Figure 4.1: Iterative Development Process

Planning

A potential use of the prototype is to use it in the planning stage of a flight training mission. The prototype could then be used to place entities and to set their behaviors. A potential benefit from performing the planning part of the mission in AR is the ability to quickly build a scenario in 3D with natural and accurate 3D manipulations. Currently, the entities are placed in 2D and height is set separately. A possible drawback is limitations in graphical user interfaces (GUI) and functionality, meaning that the AR prototype only would have simplified functionality and not provide as extensive functionality as the existing system. Real-time Observation and Manipulation

An obvious use case is observing missions in real-time. Allowing for a 3D representation of an airspace during a mission which can be both observed and manipulated. Potential benefits from this real-time observation is improved perception of the airspace and the ability to do simpler manipulations to the airspace and its entities in 3D. Additionally, if there are two instructors with HoloLenses observing the same airspace it is possible to gain multiple perspectives, something which is not possible when two instructors are observing the same computer screen.

Reviewing and Educational

A third potential use is reviewing a mission in retrospect for educational purposes. This would be used to gain insight of the the airspace as a mission played out.

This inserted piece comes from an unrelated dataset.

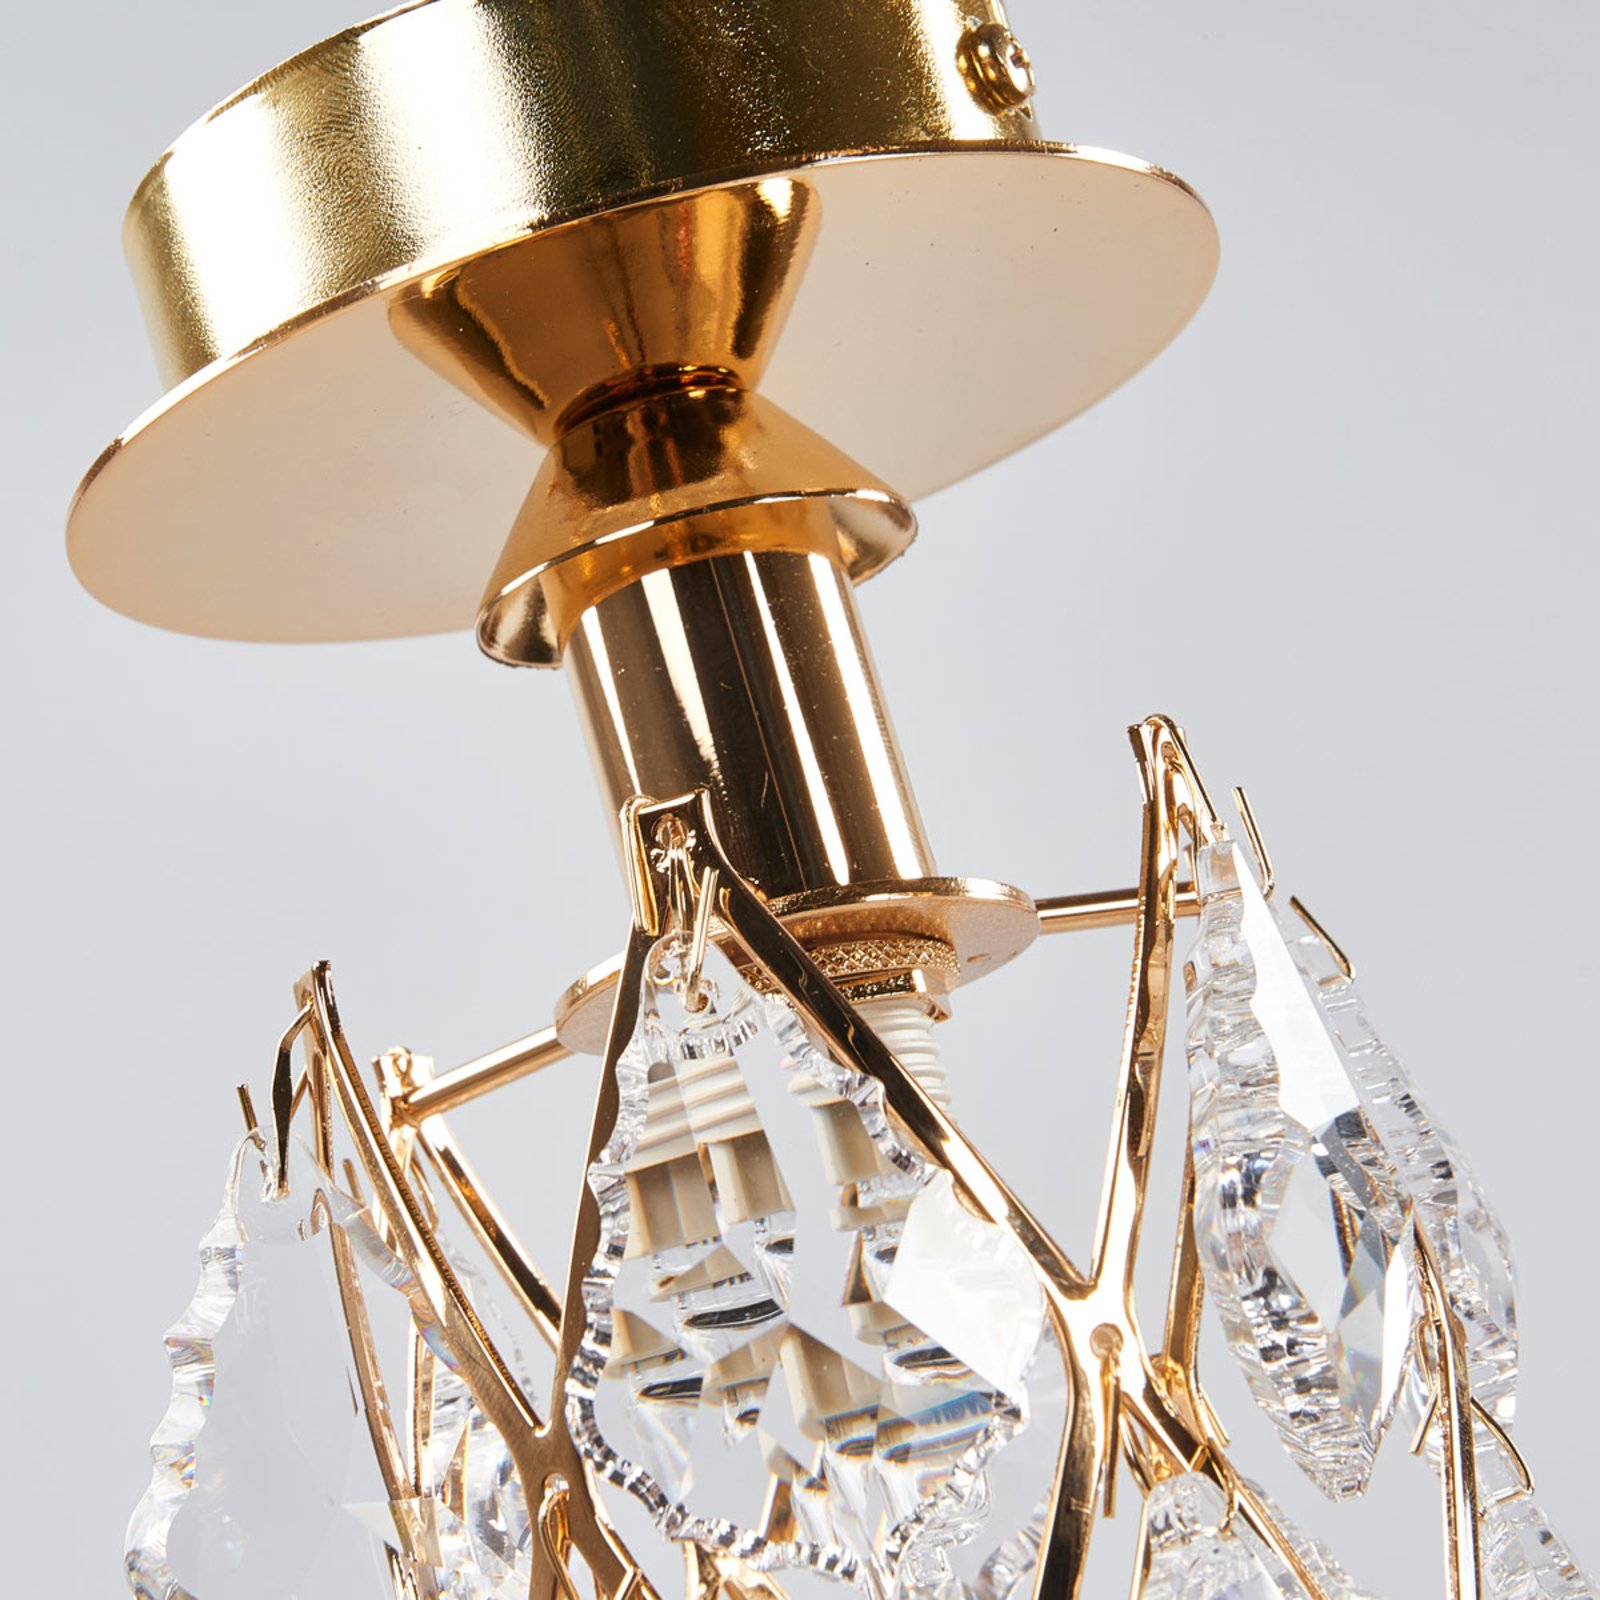 CHARLENE - pozłacana kryształowa lampa sufitowa

The functionality would be very similar to the real-time observations but with the addition of suitable tools for moving back and forward through the mission’s timeline. This use case would have limited manipulation, as changing or adding entities in a mission that has already been carried out would make little sense. Therefore the focus in this use case would be visualization. This use case could greatly benefit from having two HMDs, one for the instructor and one for the pilot or student which both are observing the same mission.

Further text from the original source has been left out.